EXERCISE DESCRIPTION:
Would you please copy all of the data exactly, skipping the images?

DATA BLOCK:
····················
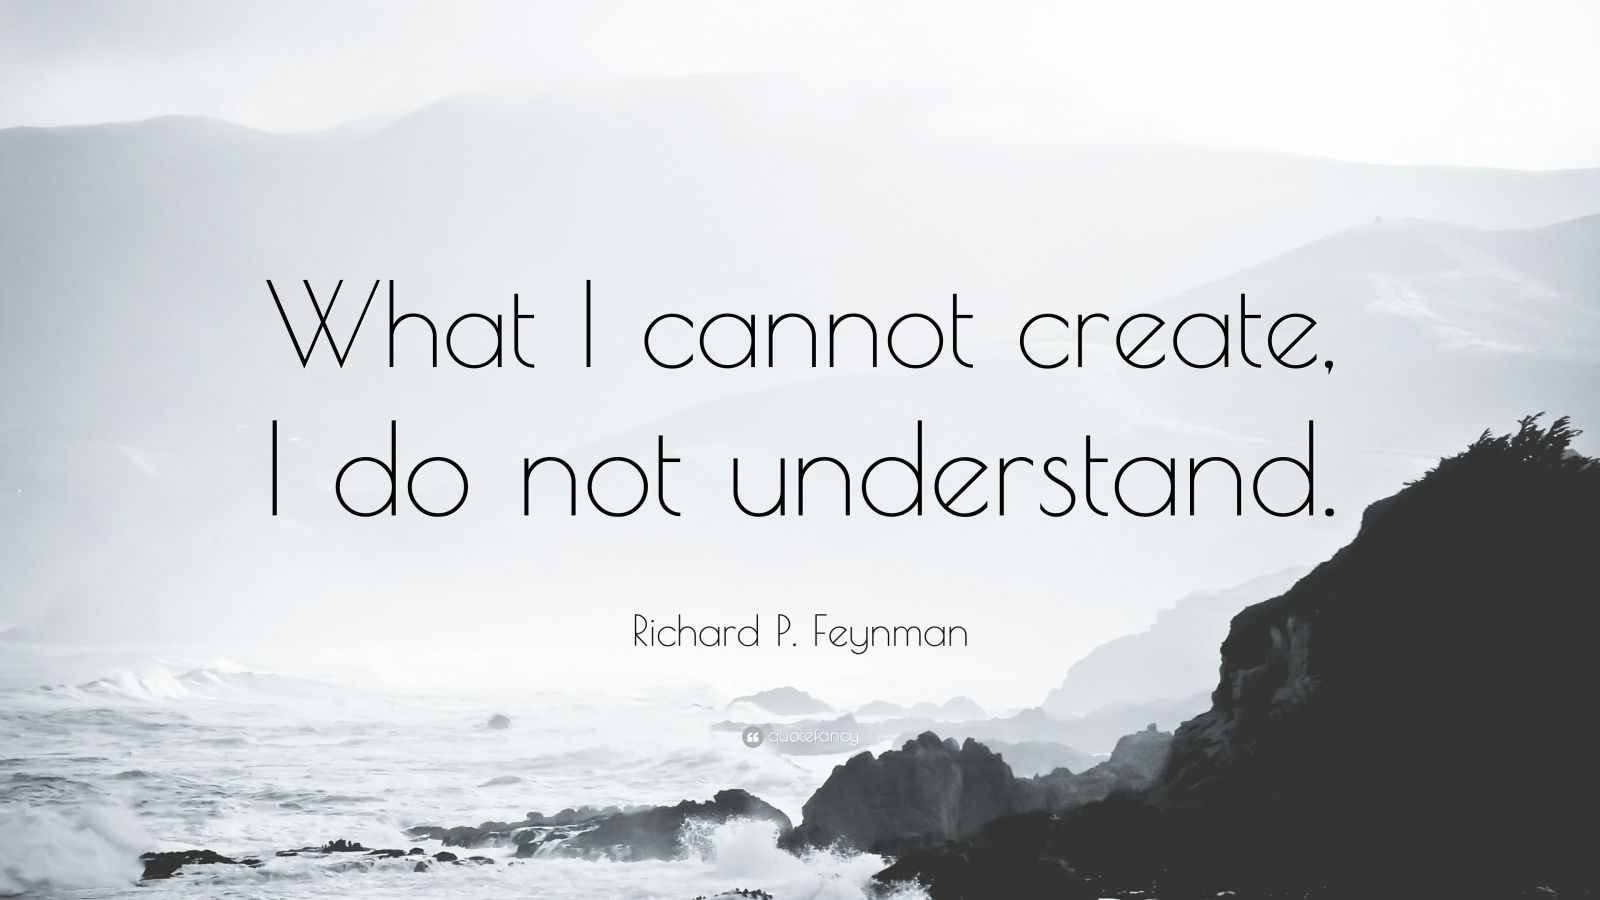 Richard P. Feynman Quote: “What I cannot create, I do not
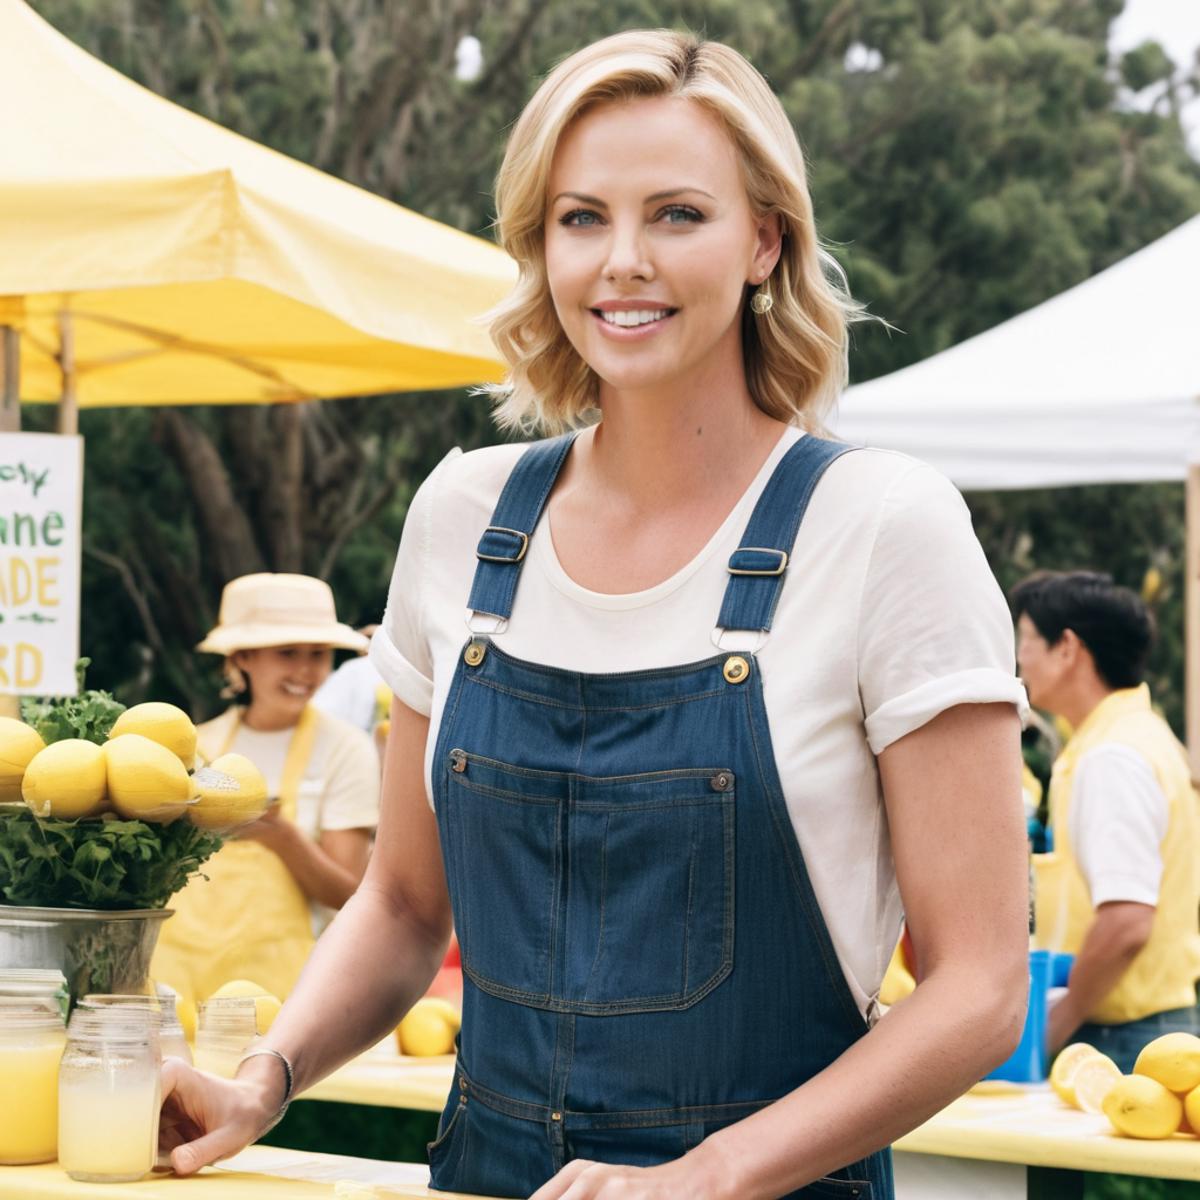 A woman standing in a lemon orchard wearing a blue overalls and a white shirt.
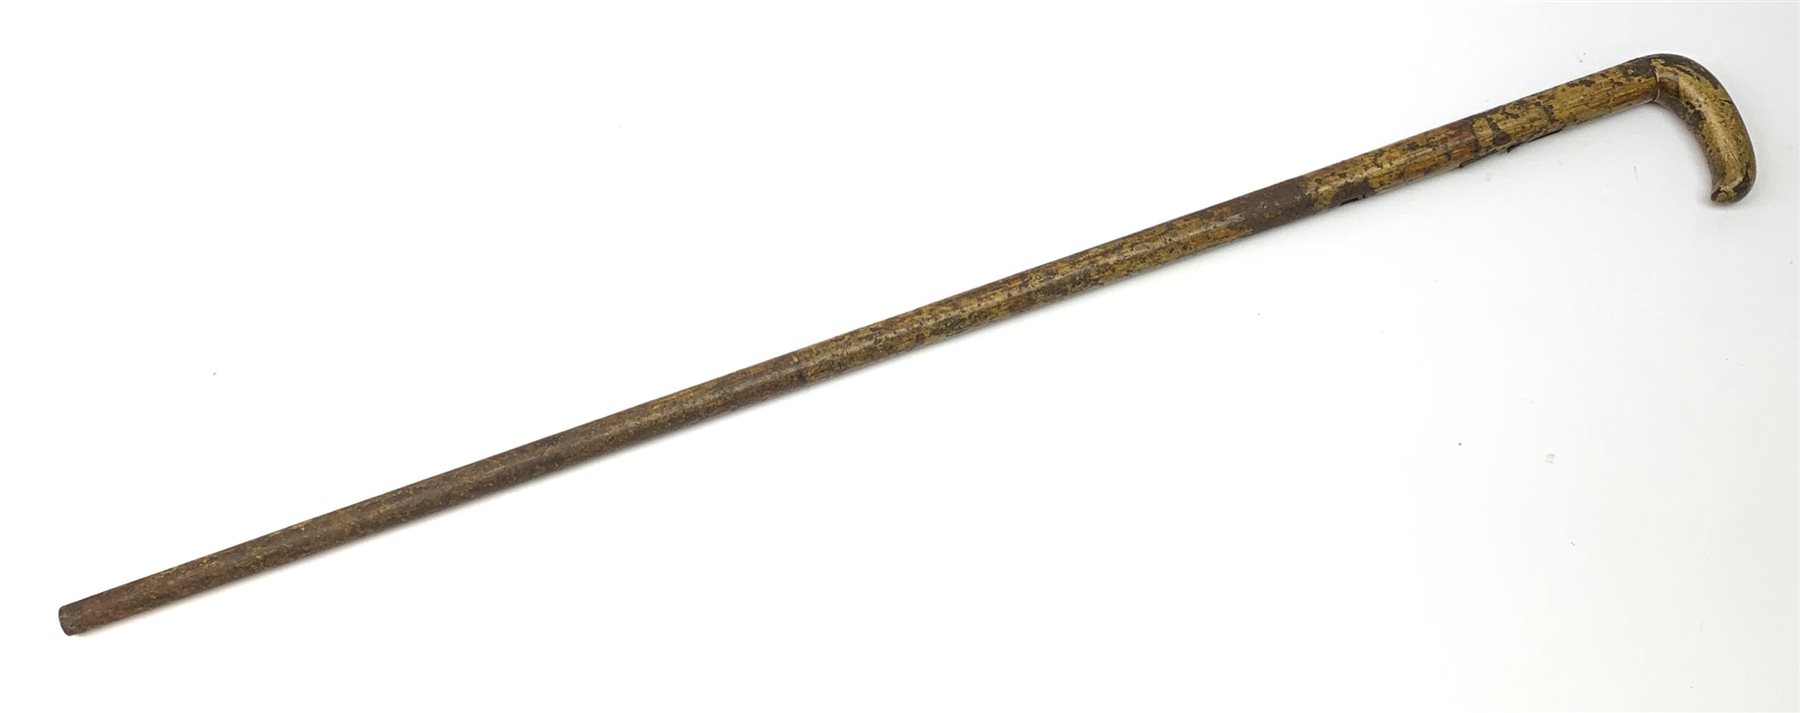 Mid-19th century all steel muzzle loading percussion cap walking stick shotgun, approximate calibre - Image 2 of 5
····················
RESPONSE FOR THIS EXERCISE:
 Richard P. Feynman Quote: “What I cannot create, I do not
 A woman standing in a lemon orchard wearing a blue overalls and a white shirt.
 Mid-19th century all steel muzzle loading percussion cap walking stick shotgun, approximate calibre - Image 2 of 5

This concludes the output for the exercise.